Boas 1892: Many discoveries in a short article (Part 19: ‘to sew’)
We’re in a mini-series that examines Prof. Franz Boas’s precious findings of lower Columbia River Chinook Jargon.
This is the variety of the Southern Dialect that I analyze as “re-creolized” Chinuk Wawa.

Bone needles (image credit: WorthPoint)
That’s to distinguish it from the “early-creolized” CW of the early Fort Astoria-Fort Vancouver era.
(Click here for the previous installments in this series.)
Today, let’s look at Boas’s report of a “new” word for ‘sew’ —

He writes this Jargon word as kyē′pot.
That’s k’ípʰwat, ‘to sew; needle, pin, awl’ in the 2012 Grand Ronde Tribes dictionary of Chinuk Wawa.
This word is of Chinookan origin.
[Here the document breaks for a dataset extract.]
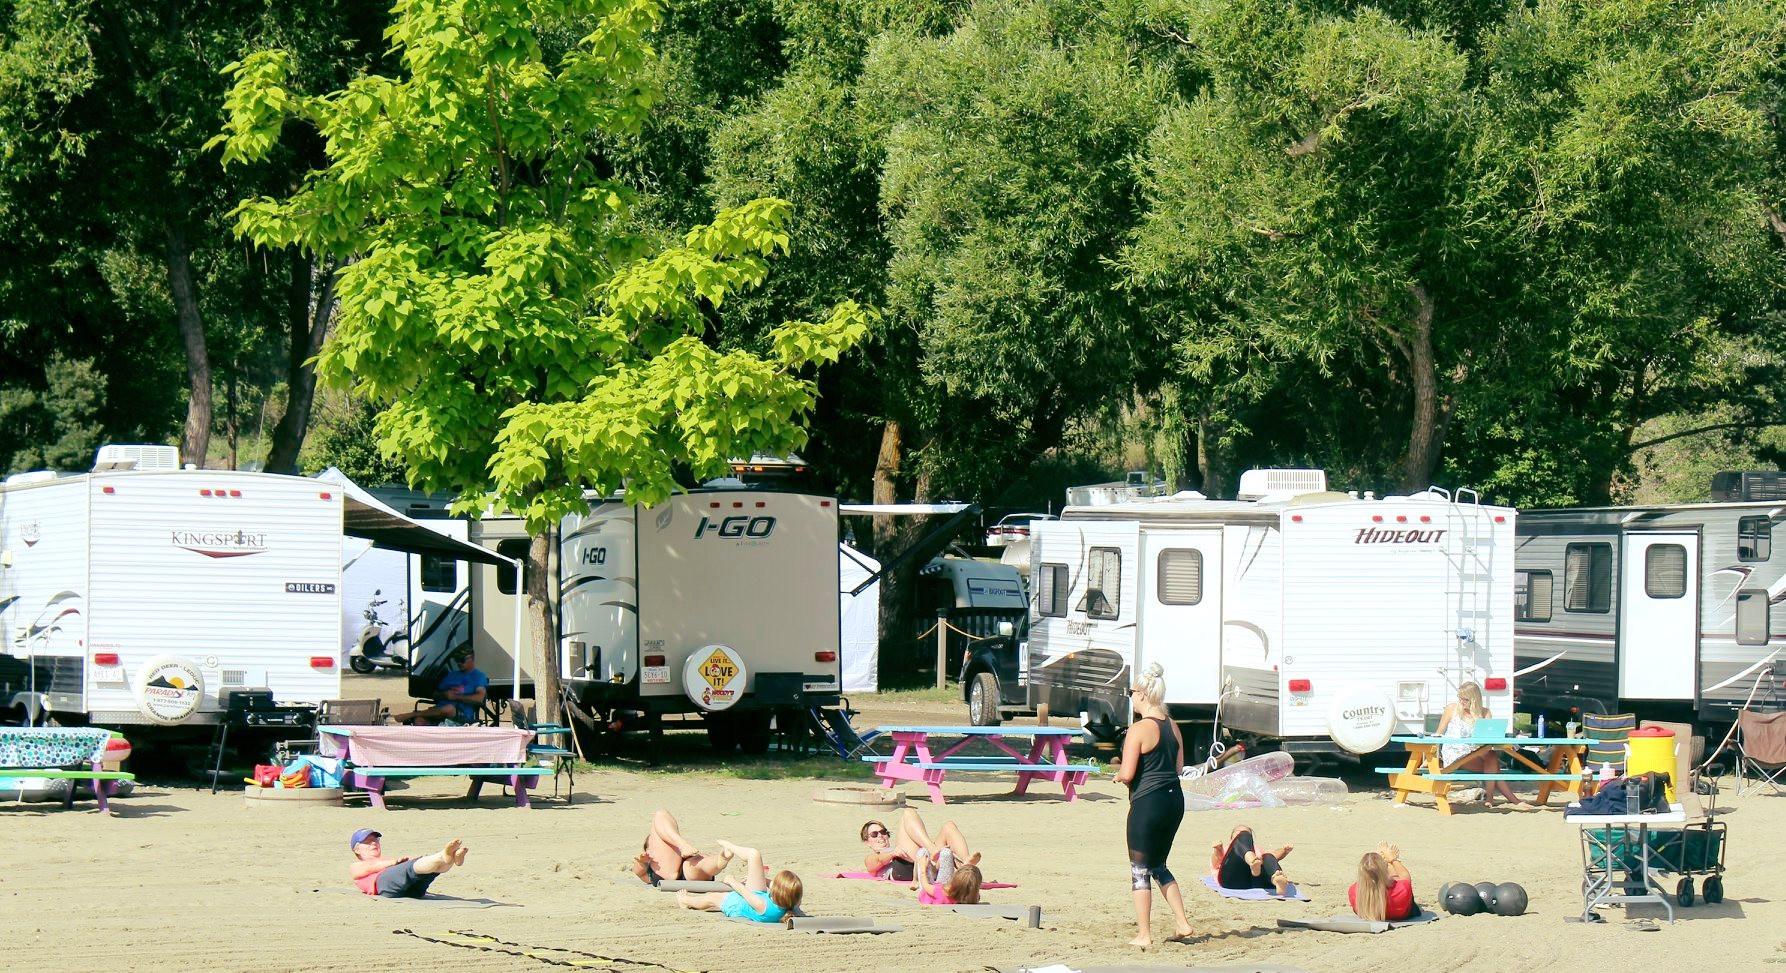 beach_Wood_Lake_RV_trailers_camping.jpg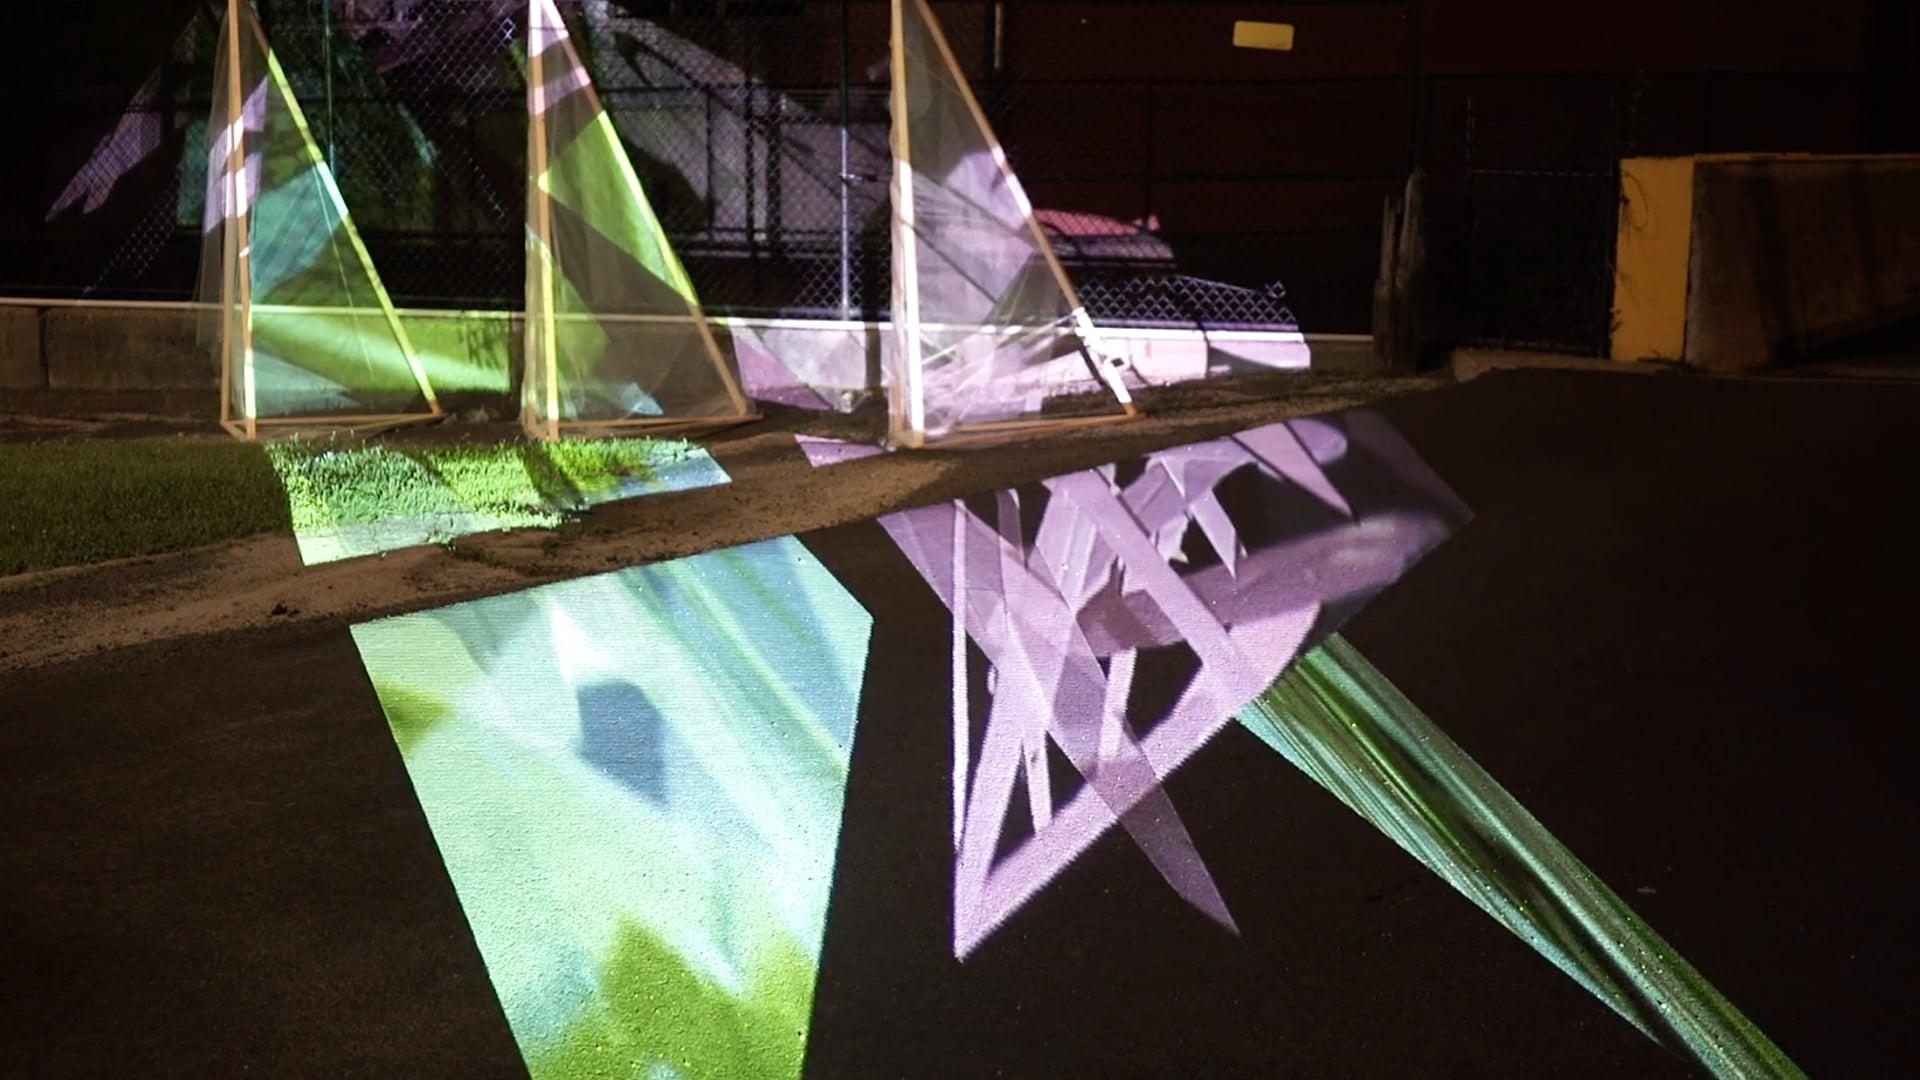 Test installations document video, The Studio at MASS MoCA

The root (k’ípwa) shows up in at least Clackamas and Kathlamet, to our knowledge.
The -t at its end appears, by my research, to likely be from SW Washington Salish — specifically a Lower Chehalis form of the often-seen Instrument lexical suffix.
Lower Chehalis is a source of quite a large portion of “re-creolized” Chinuk Wawa material. This was largely overlooked until I was fortunate enough to be hired to document & analyze Lower Chehalis.